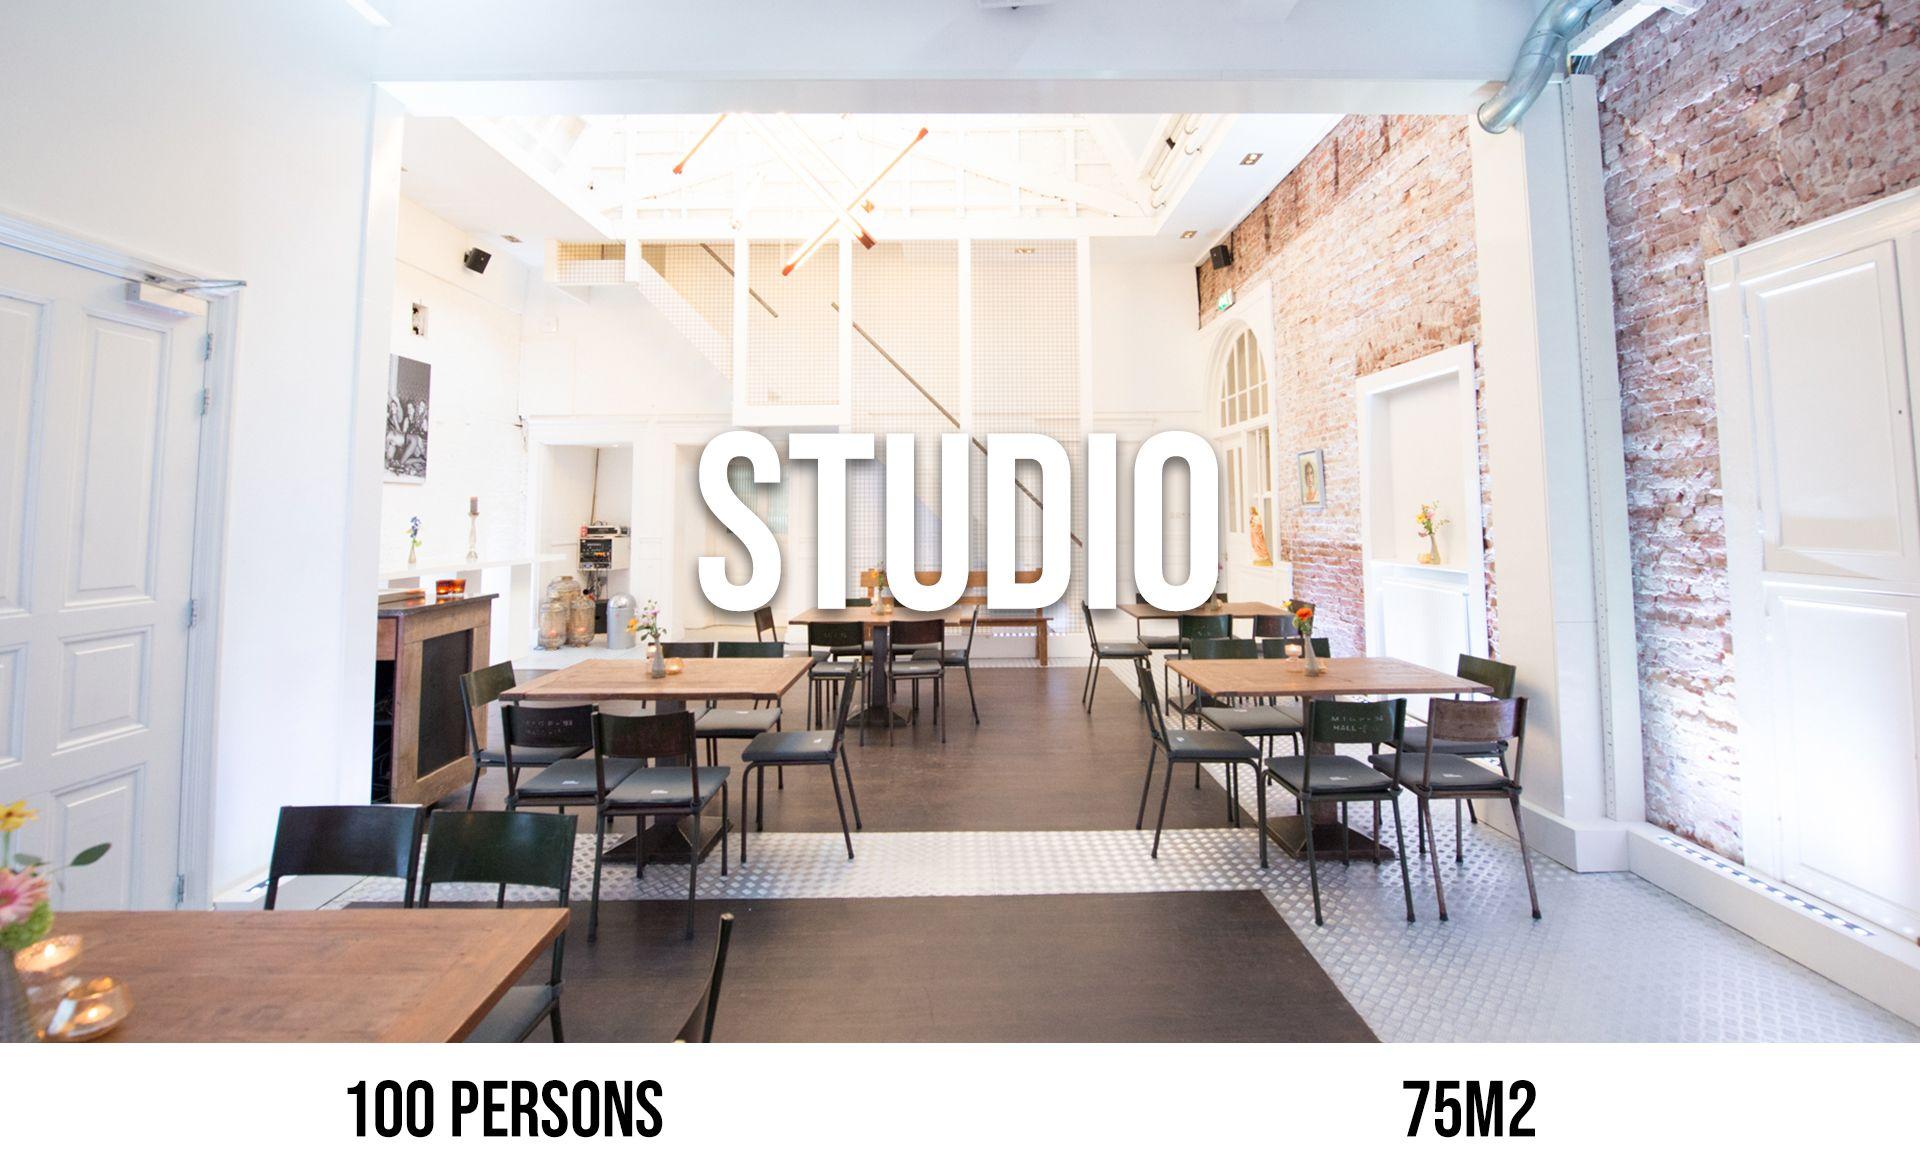 Studio (maximum 100 persons, area 75 m²)
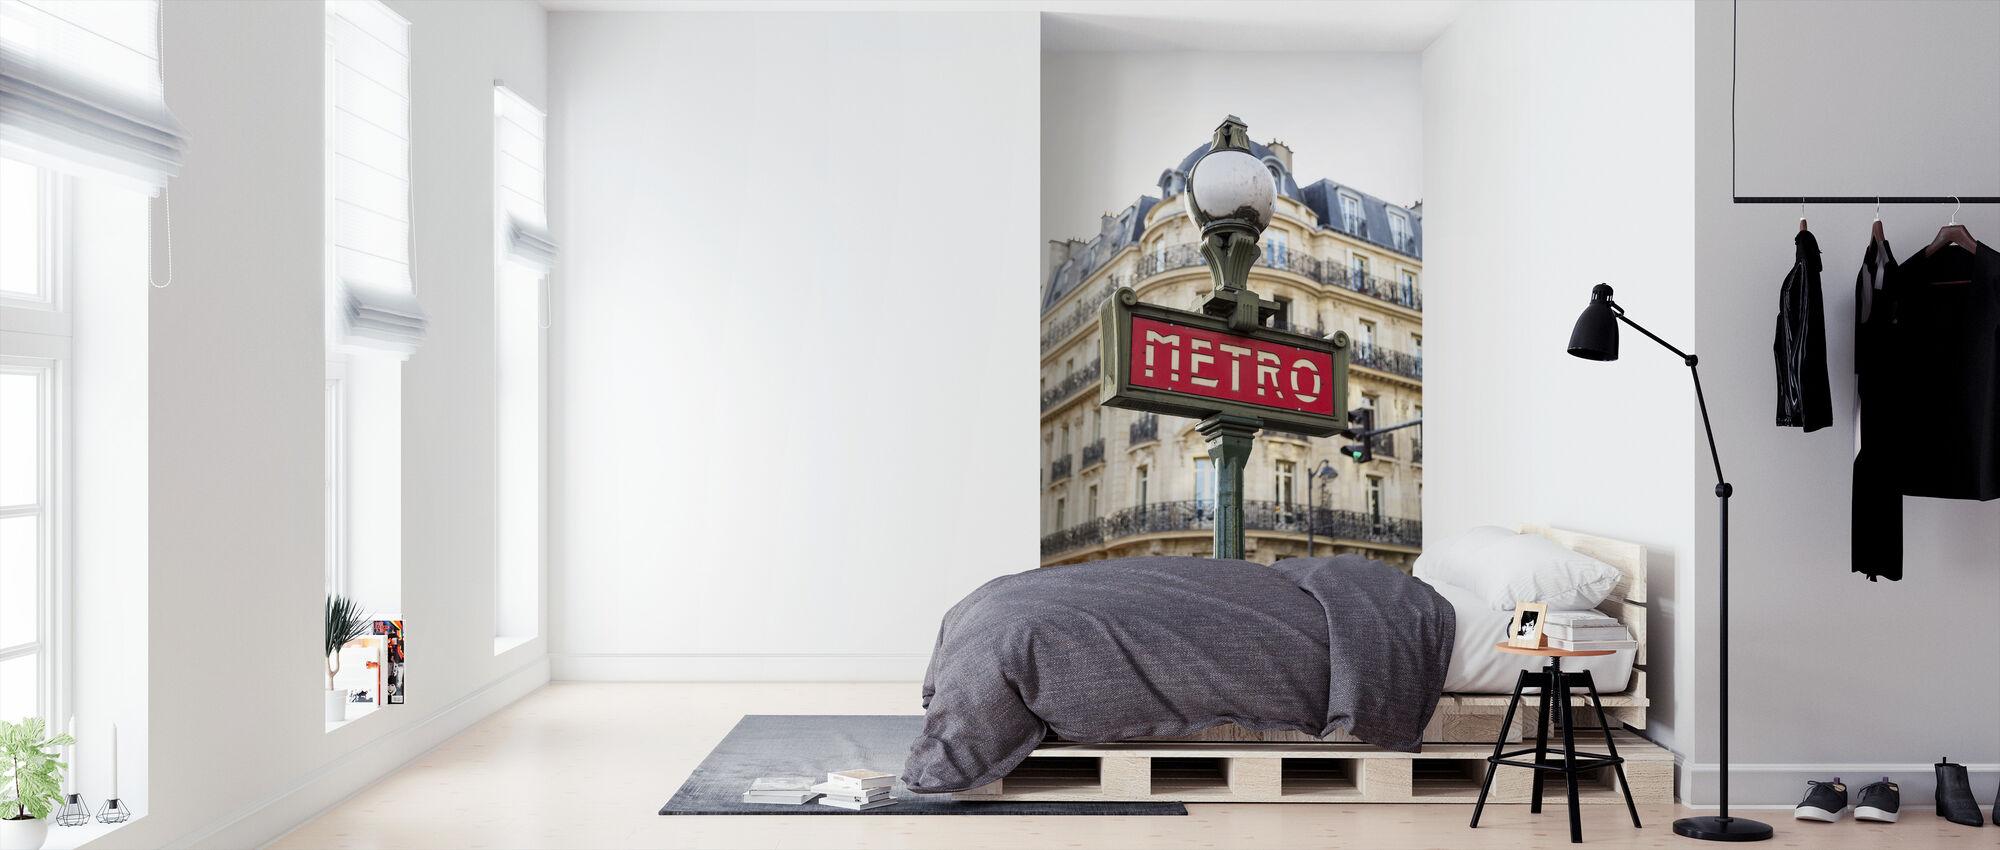 Metro teken - Behang - Slaapkamer
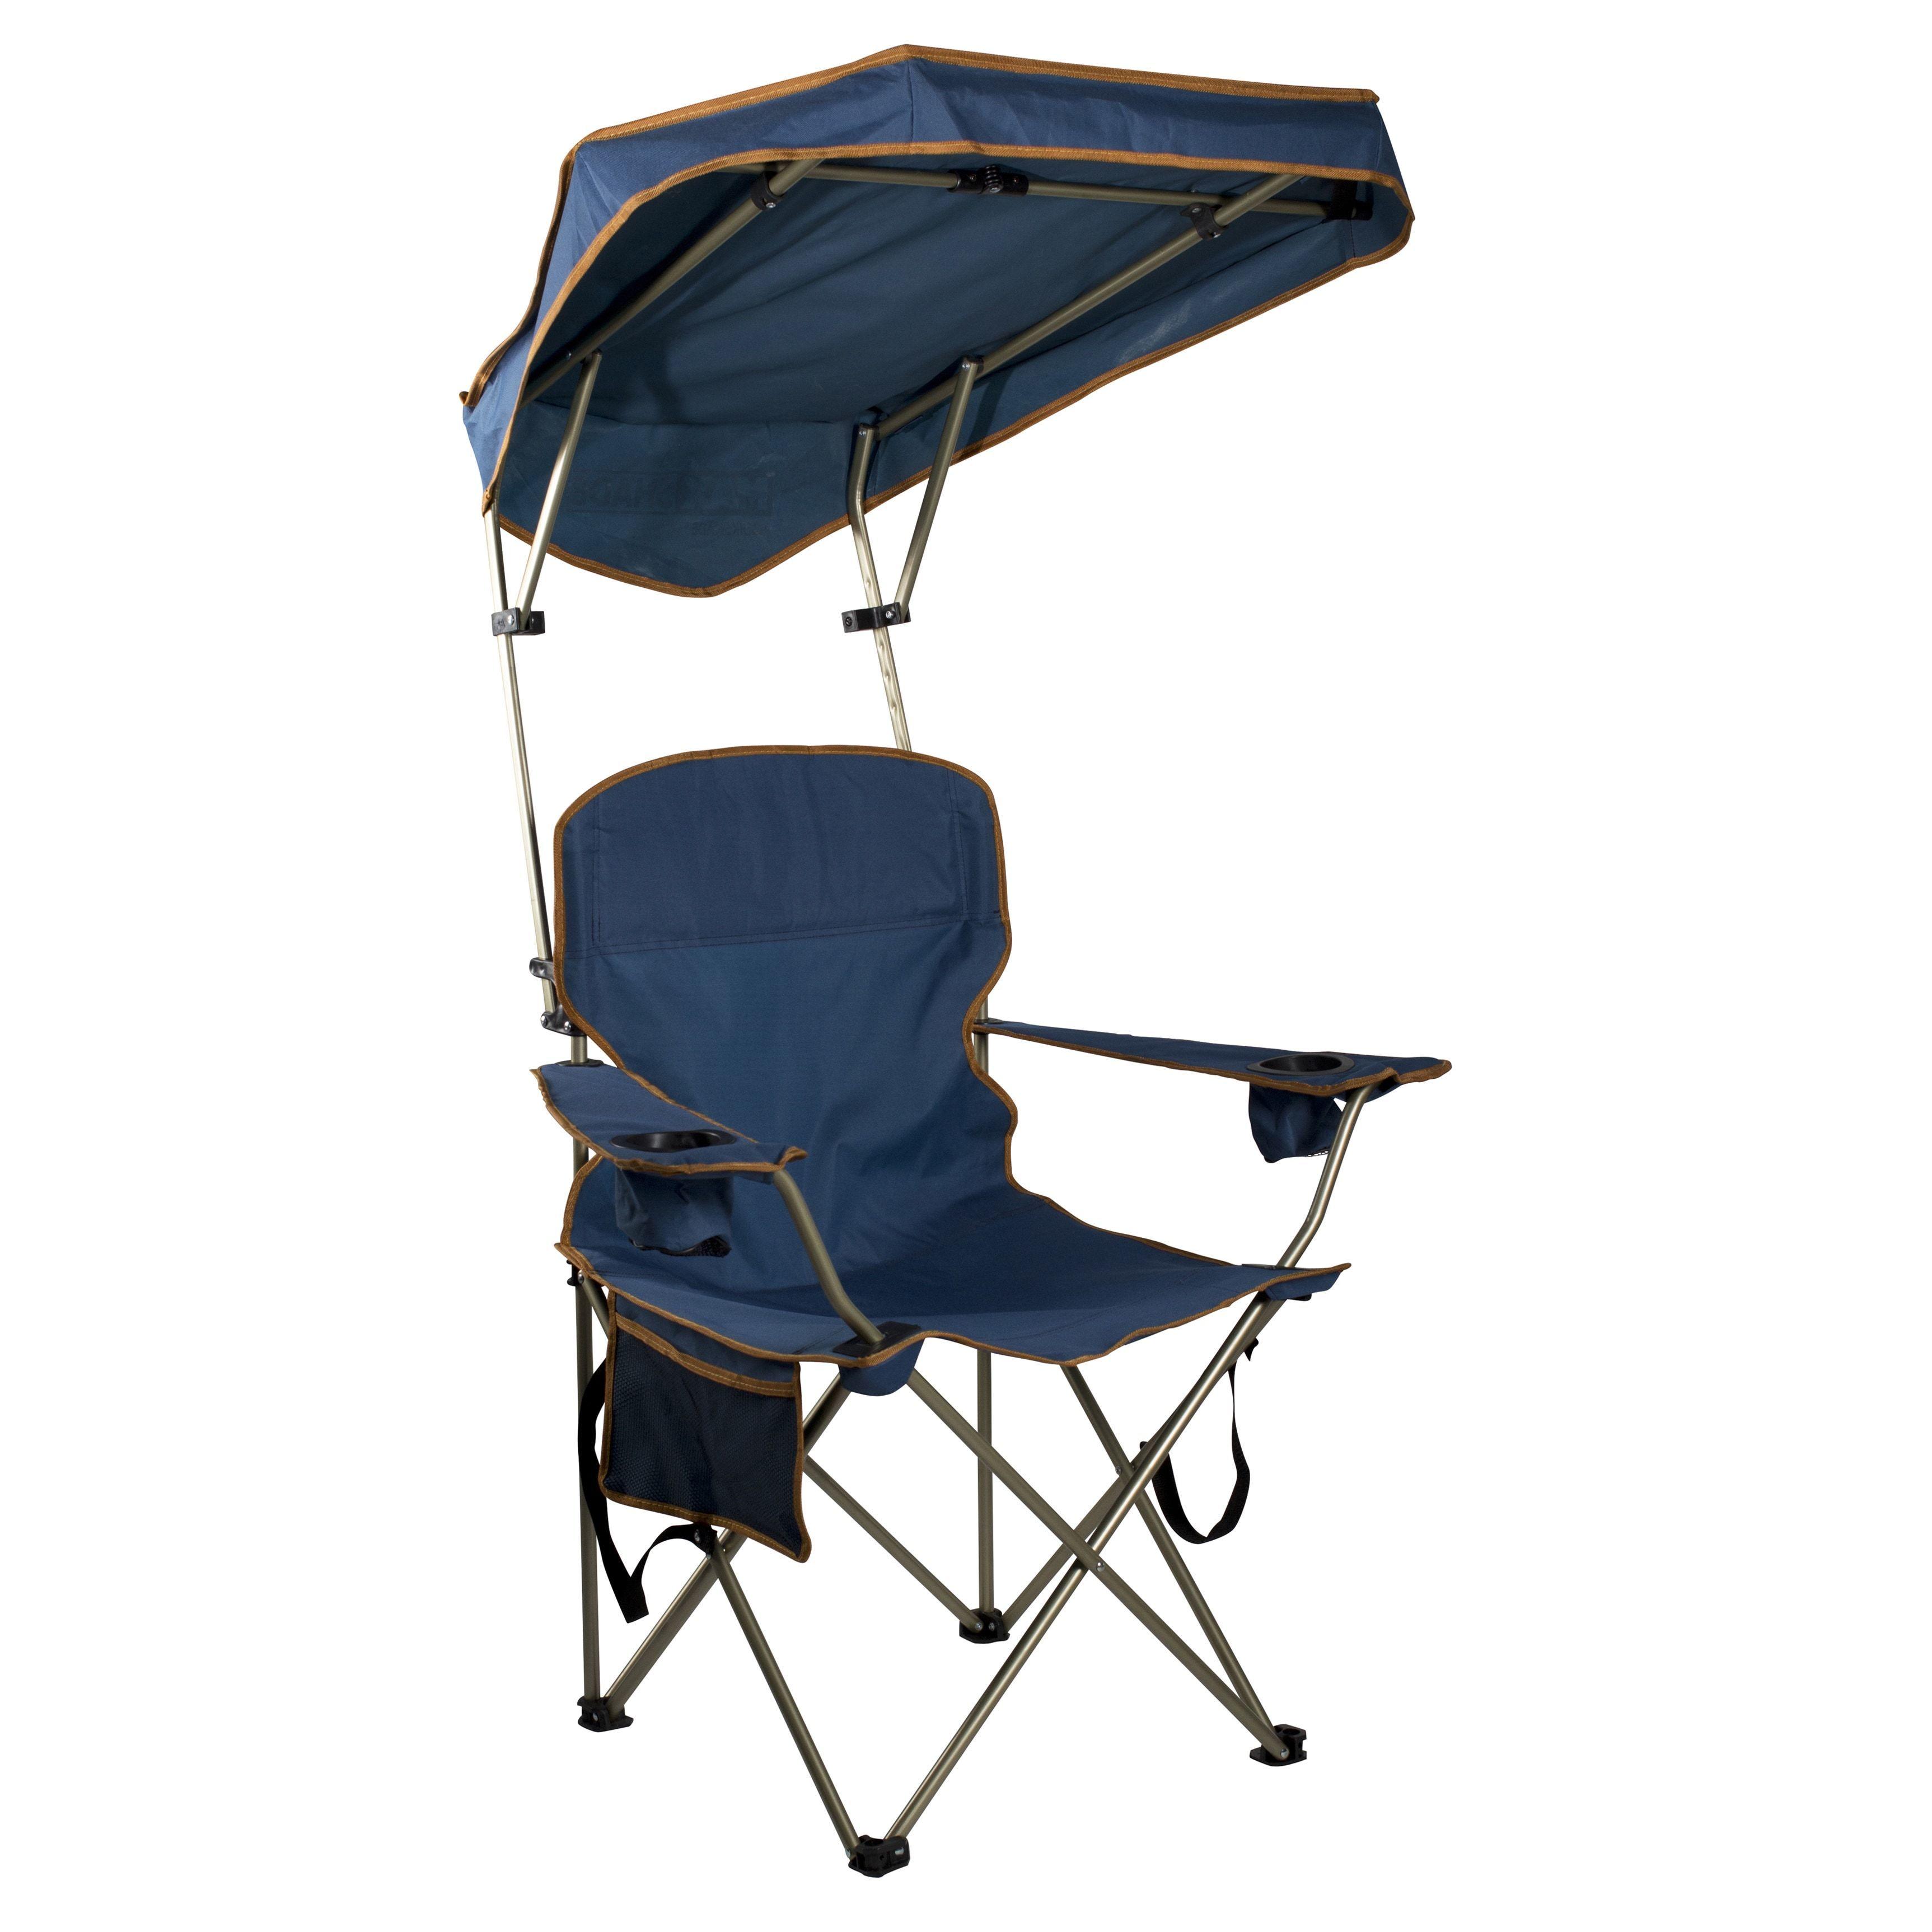 Quik Shade Max Shade Chair (Blue)
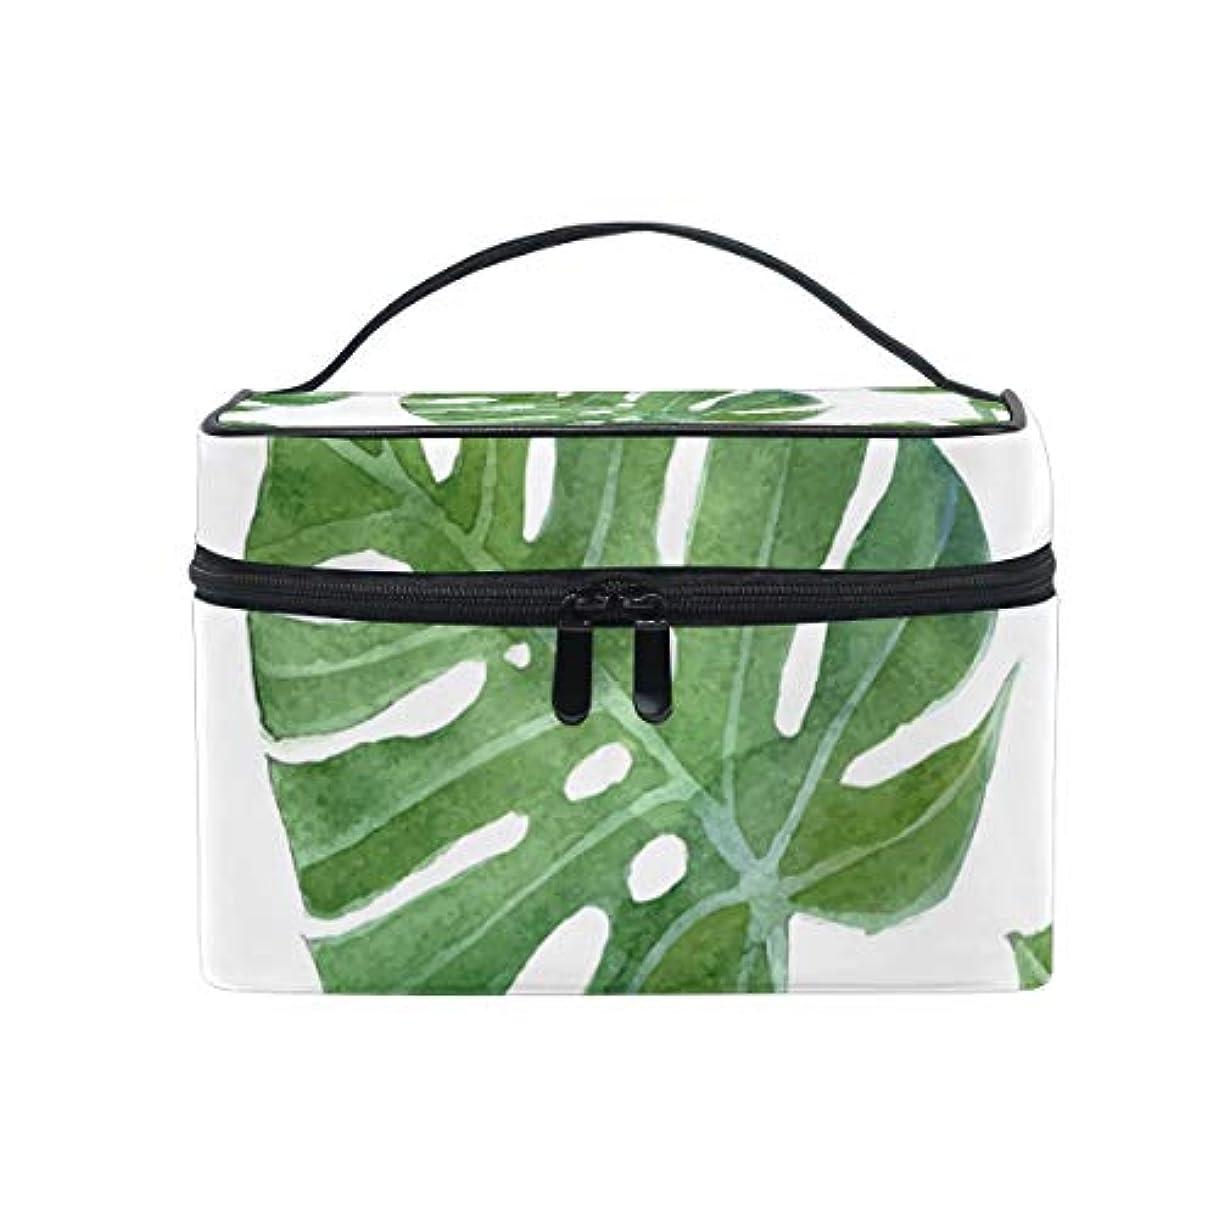 経験オートメーション組み合わせユキオ(UKIO) メイクポーチ 大容量 シンプル かわいい 持ち運び 旅行 化粧ポーチ コスメバッグ 化粧品 ハワイ 葉 緑 レディース 収納ケース ポーチ 収納ボックス 化粧箱 メイクバッグ

• • • • •

__TASK OBJECTIVE__
Each line of the data is to be duplicated exactly; pictures stay out of the copy.

__FINISHED TASK__
 Studio (maximum 100 persons, area 75 m²)
 Metro teken - Behang - Slaapkamer
 Quik Shade Max Shade Chair (Blue)
 経験オートメーション組み合わせユキオ(UKIO) メイクポーチ 大容量 シンプル かわいい 持ち運び 旅行 化粧ポーチ コスメバッグ 化粧品 ハワイ 葉 緑 レディース 収納ケース ポーチ 収納ボックス 化粧箱 メイクバッグ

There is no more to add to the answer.